**WHAT IS BEING ASKED**
Transcribe only what runs from the line containing "στα προσυσκευασμένα τρόφιμα_Page_04" through the final line below, exactly, and leave every picture out.

*** DATA EXTRACT ***

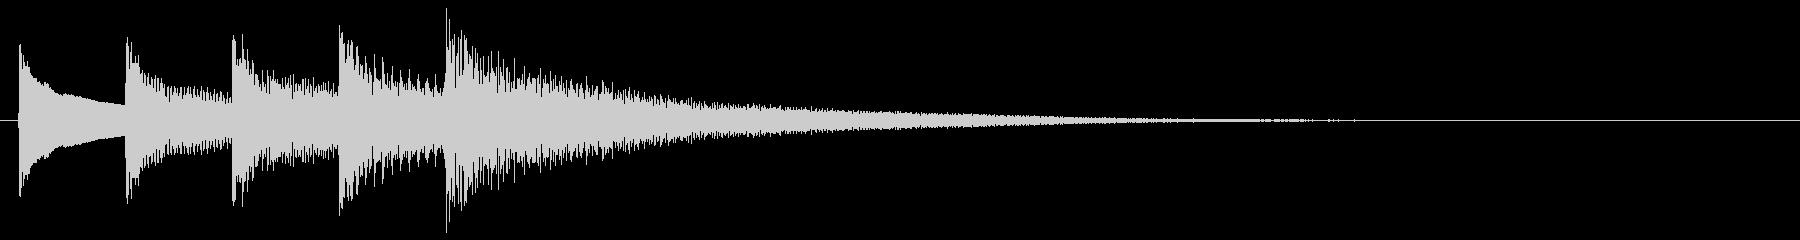 和風効果音 琴 短めなフレーズ Eの未再生の波形
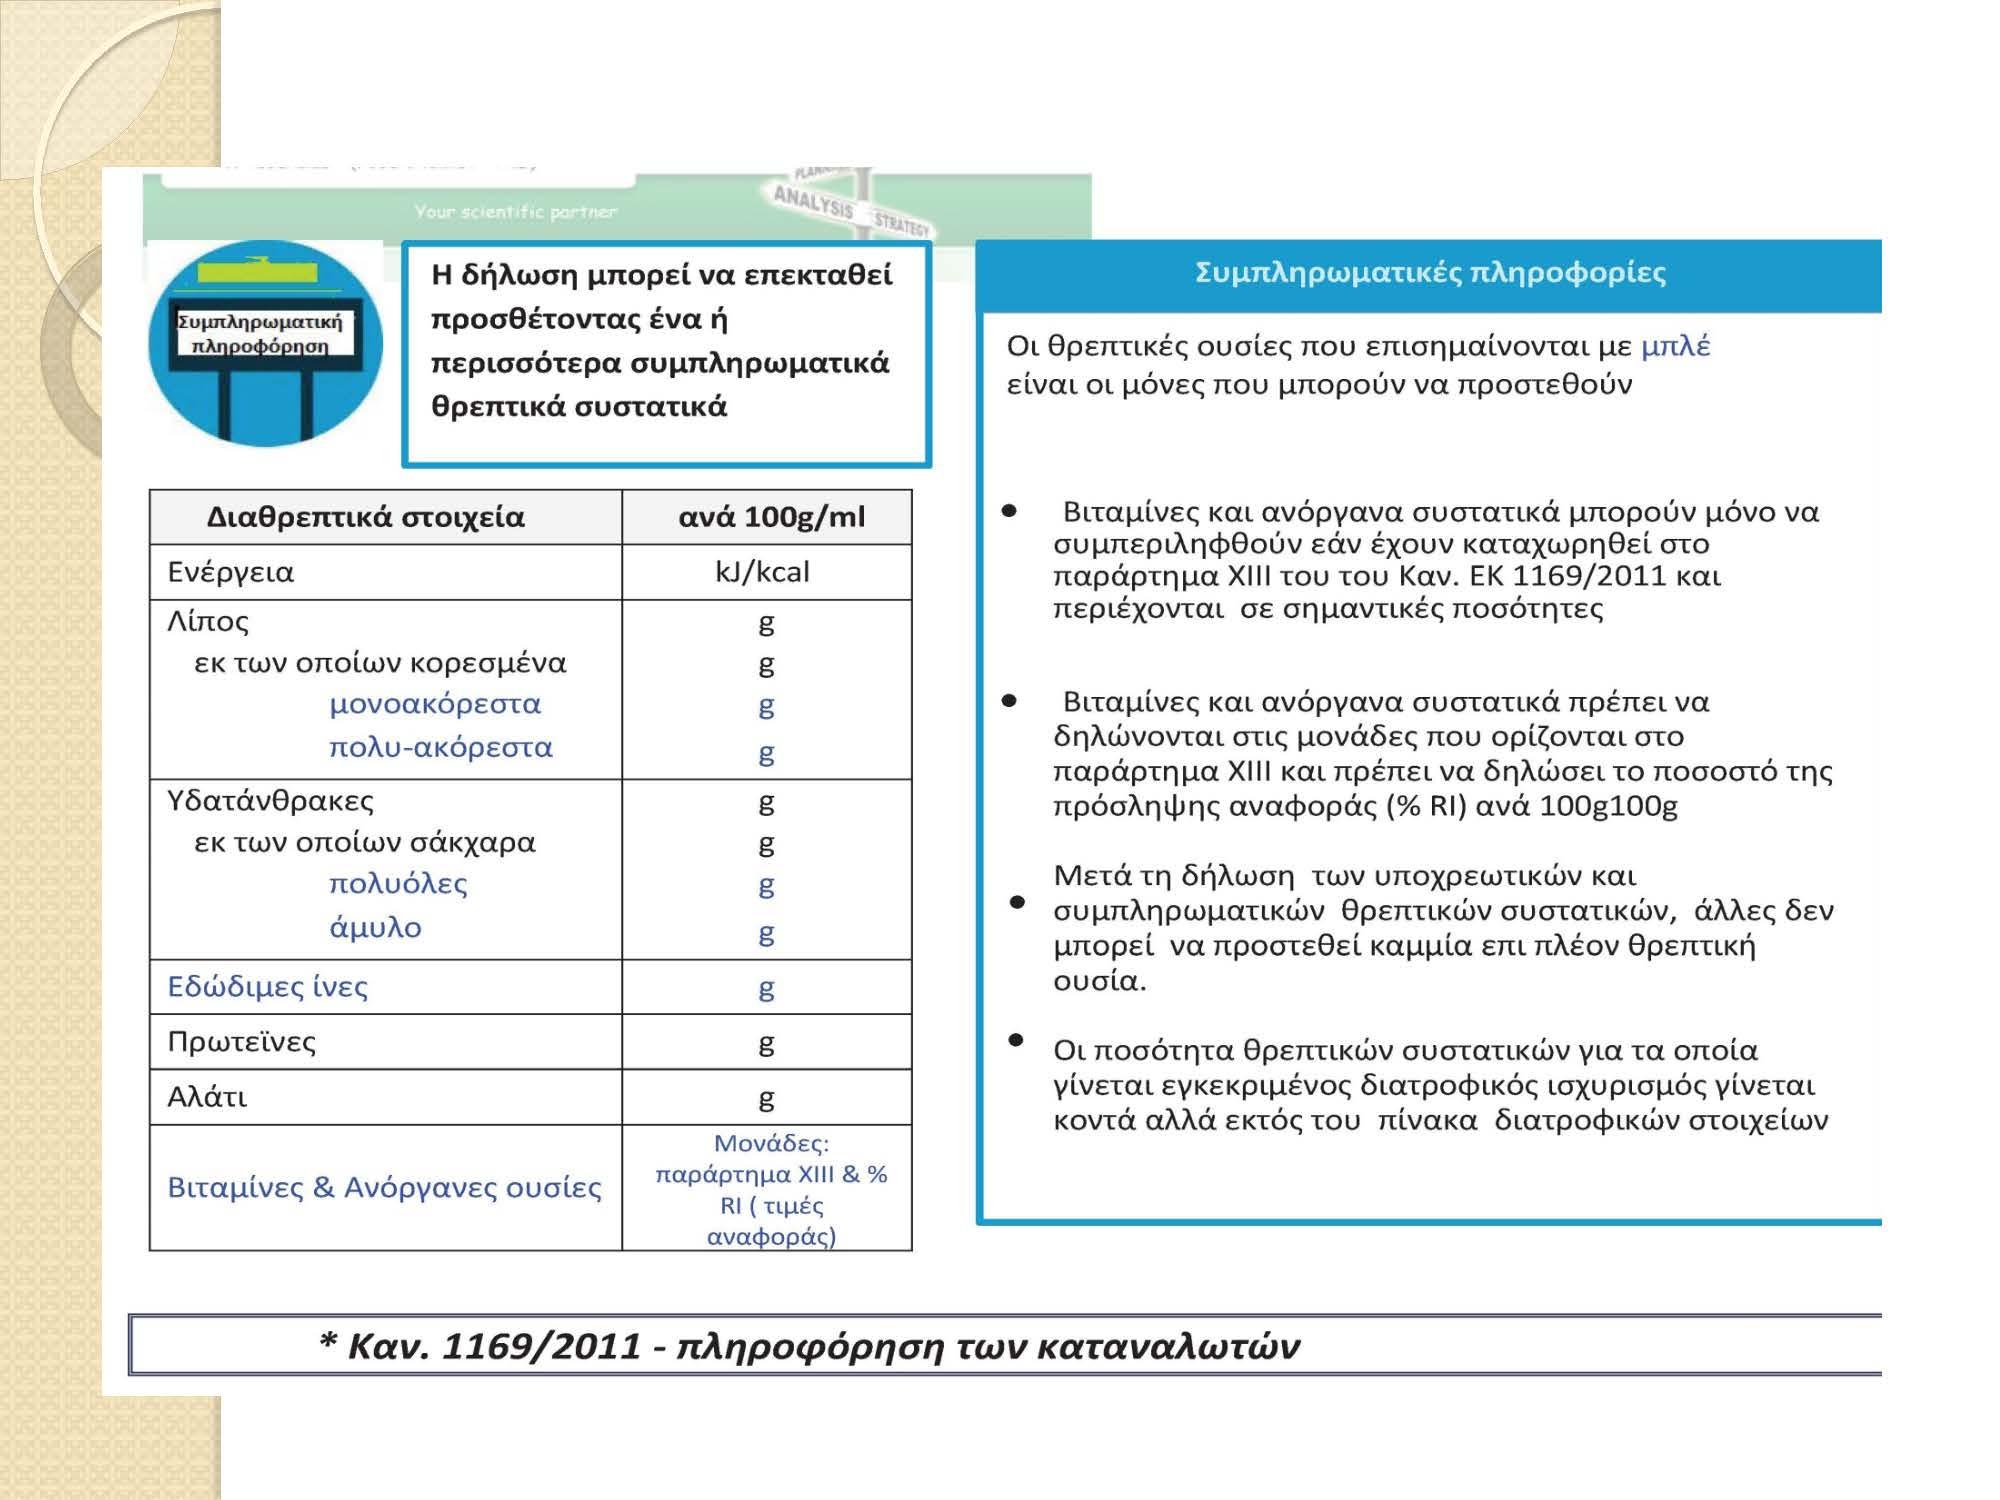 Διατροφική επισήμανση  στα προσυσκευασμένα τρόφιμα_Page_04
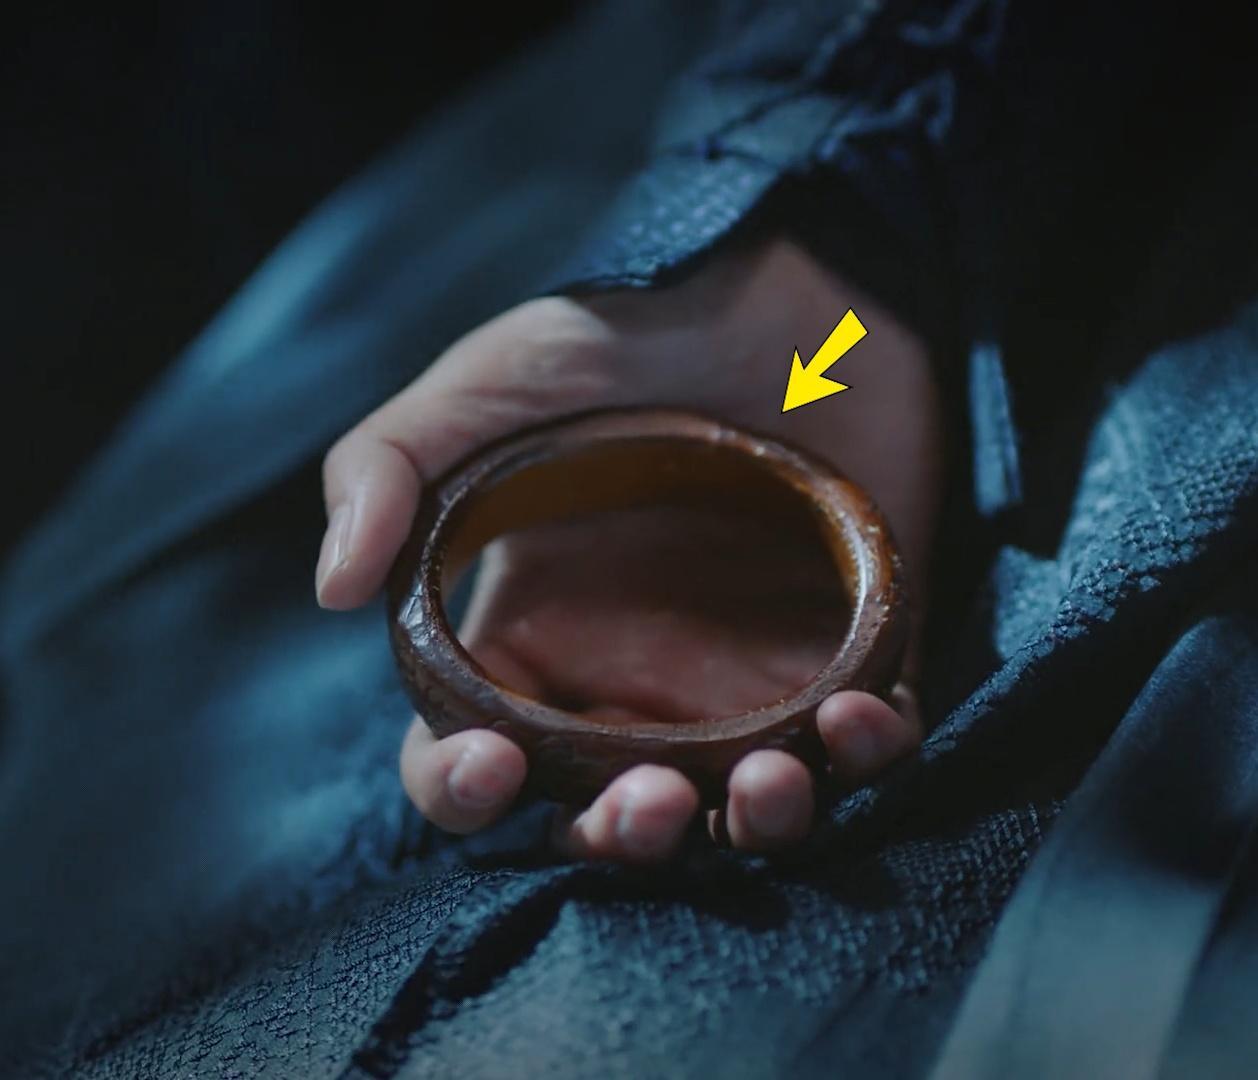 Phim cổ trang Trung Quốc bị chê giả khi dùng thuốc bắc thay cho máu Ảnh 9

*** End of DATA EXTRACT ***

**TASK ANSWER**
 Διατροφική επισήμανση  στα προσυσκευασμένα τρόφιμα_Page_04
 Phim cổ trang Trung Quốc bị chê giả khi dùng thuốc bắc thay cho máu Ảnh 9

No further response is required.